Dr Ofori-Tenkorang made the call at a regional education forum with self-employed persons in the informal sector at Wa in the Upper West Region on Thursday.
He explained that the engagement was to equip the informal sector workers with information about the SEED initiative to enable them enroll onto the scheme and also spread the information to their colleagues.
Outlining some of the benefits of SEED, the Director-General said it would provide a regular flow of financial support to the contributor after retirement from active work or during a permanent disability as well as a life insurance policy of a lump-sum that was paid to beneficiaries in case the contributor passed away.
He explained that the lump-sum was computed based on the individual’s contributions to the Social Security and National Insurance Trust (SSNIT) during their lifetime.

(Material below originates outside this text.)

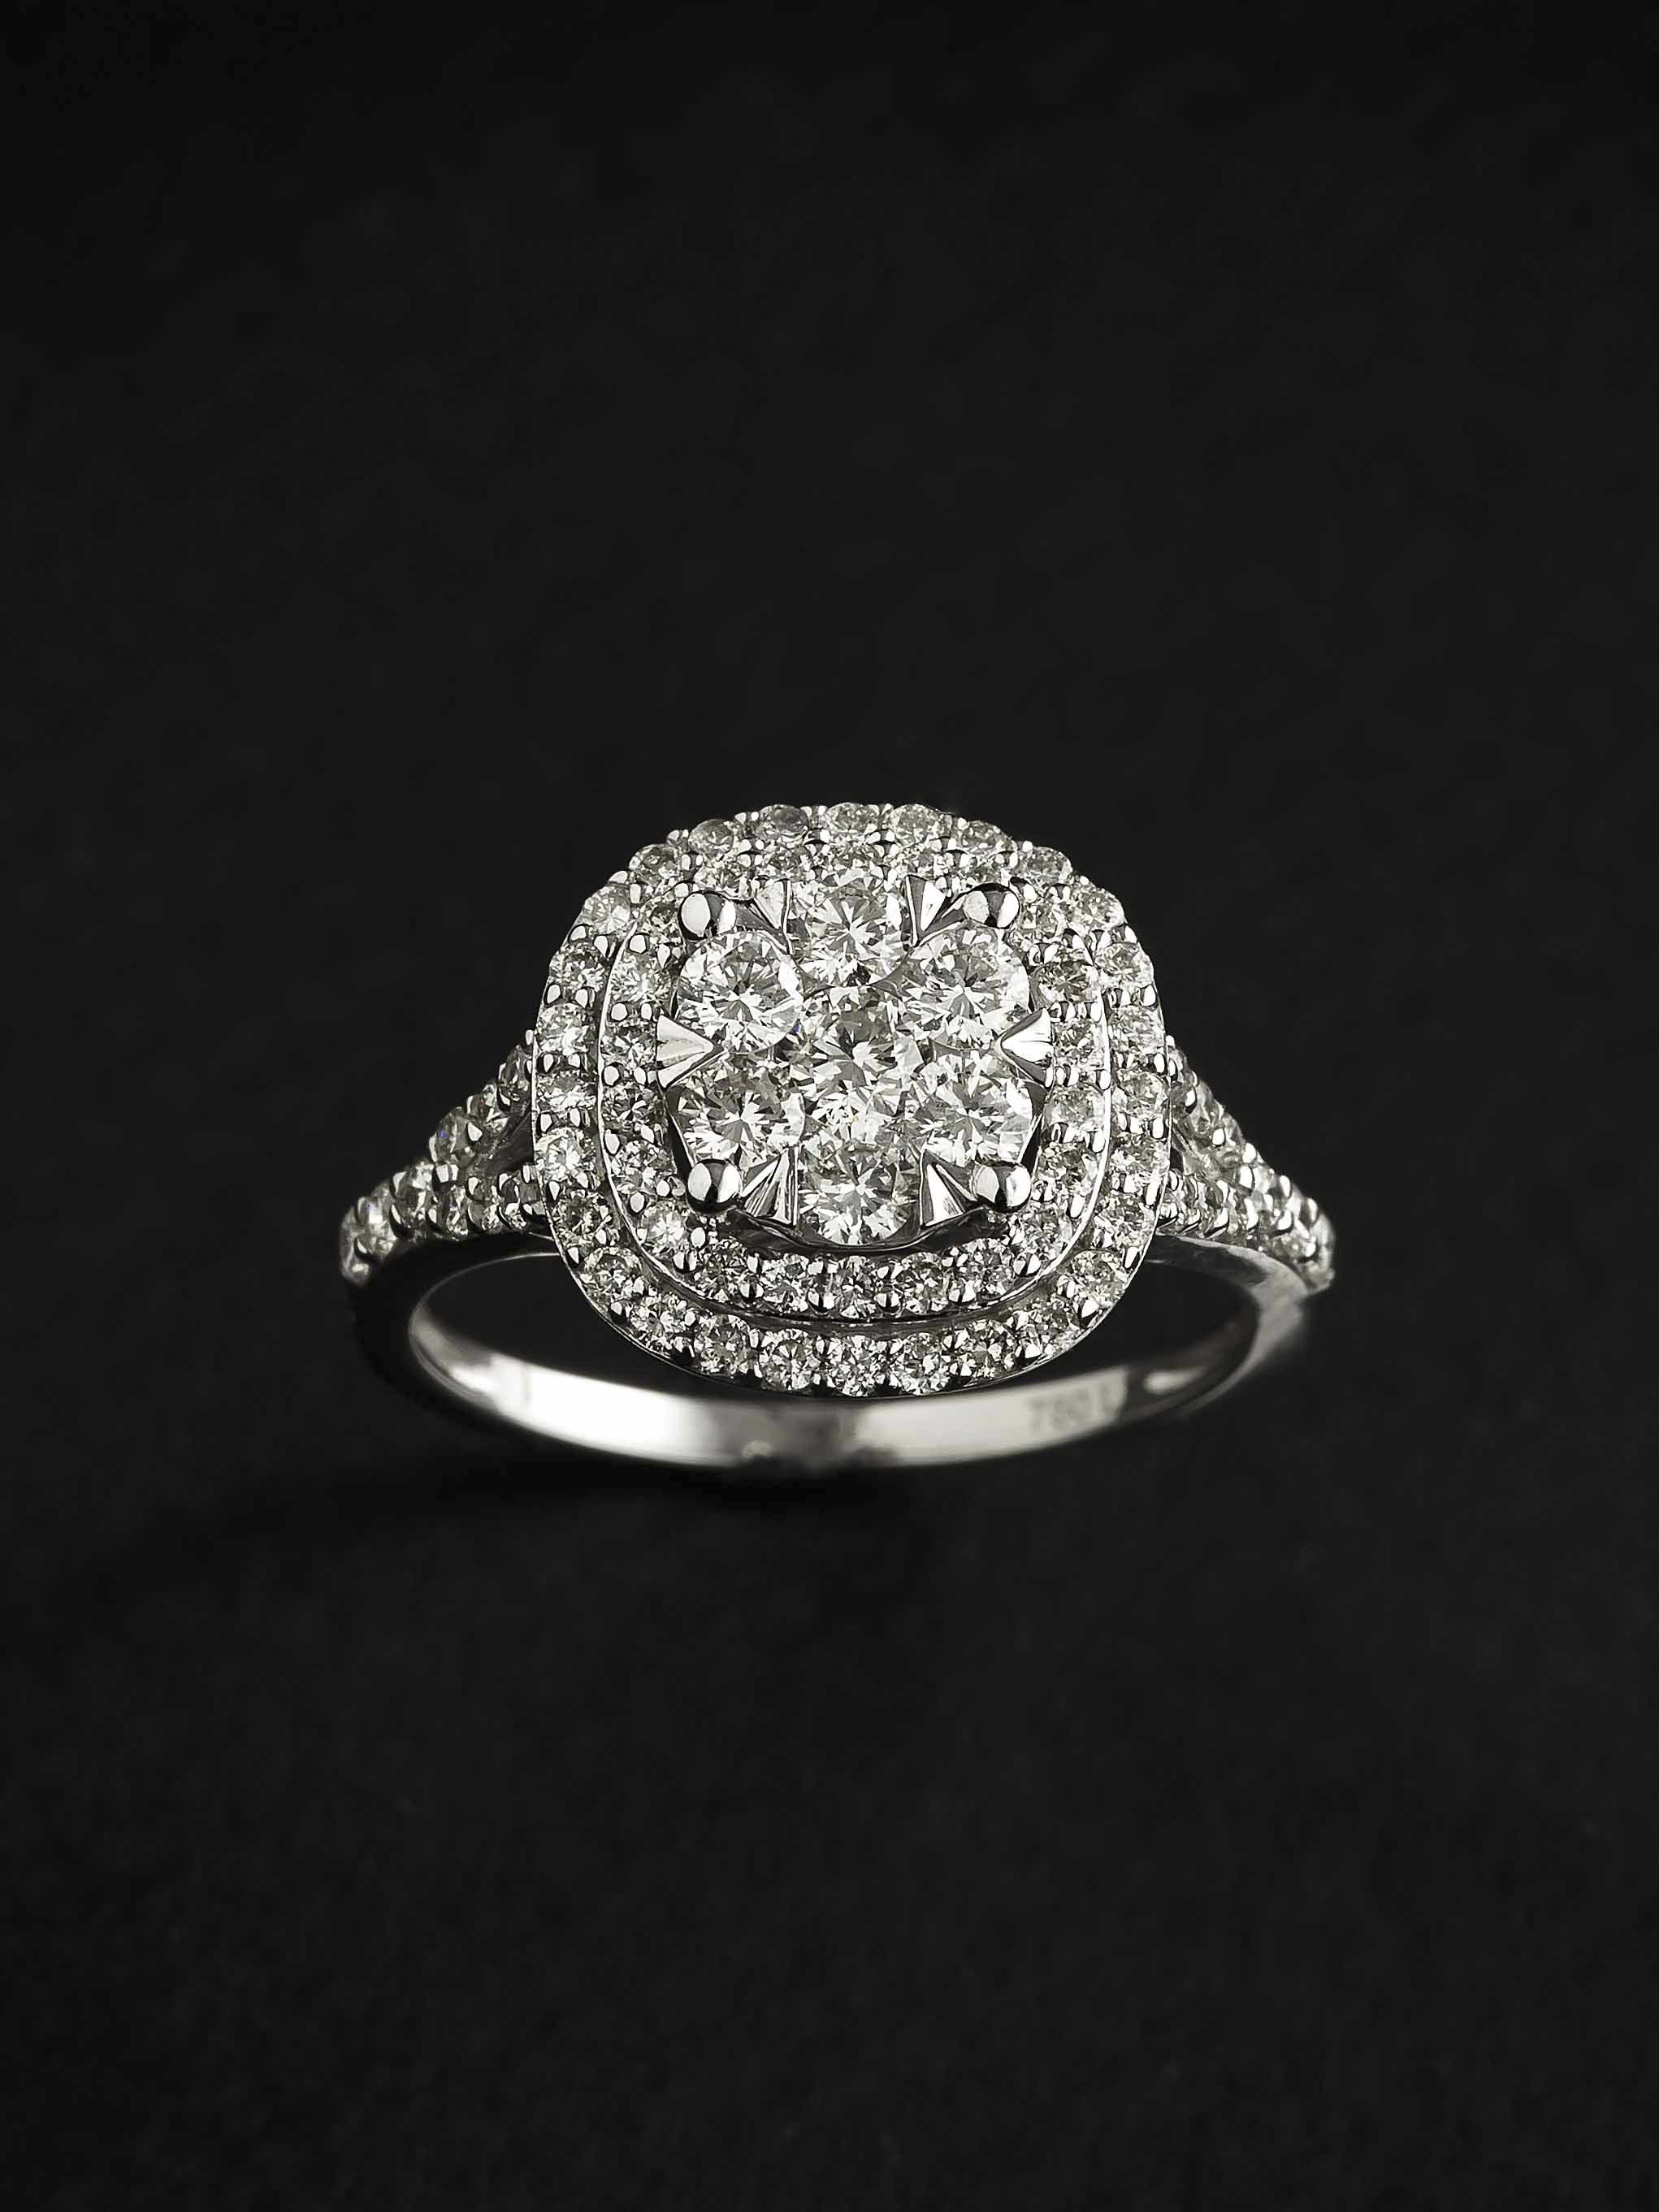 Sortija oro blanco diamantes One Carat Joyeria Jose Luis Joyero Malaga

“I encourage every one of you to enroll on the scheme; it is the surest way to reducing and preventing poverty among all,” he stressed.
Dr Ofori-Tenkorang said SSNIT aims at eradicating poverty in the country by ensuring active participation of informal sector workers through its SEED initiative.
He said if the informal sector workers had basic knowledge about what the SSNIT scheme offered them, they would gladly join the scheme, hence the need for the sensitisation.
Self-employed persons, he noted were entitled to the same benefits as formal sector workers as long as they were committed with their monthly contributions and paid regularly as well.
Dr Ofori-Tenkorang added that management of the Pensions Scheme had made it easier for the informal sector to be able to make their contributions through mobile money payment due to the nature of their businesses.
He said only two per cent of self-employed persons out of 1.9 million Ghanaian workers have registered with SSNIT, stressing that it was sad and needed to be addressed.
Participants at the programme included members of the dressmakers, hairdressers, beauticians, weavers and tailors associations and also market women.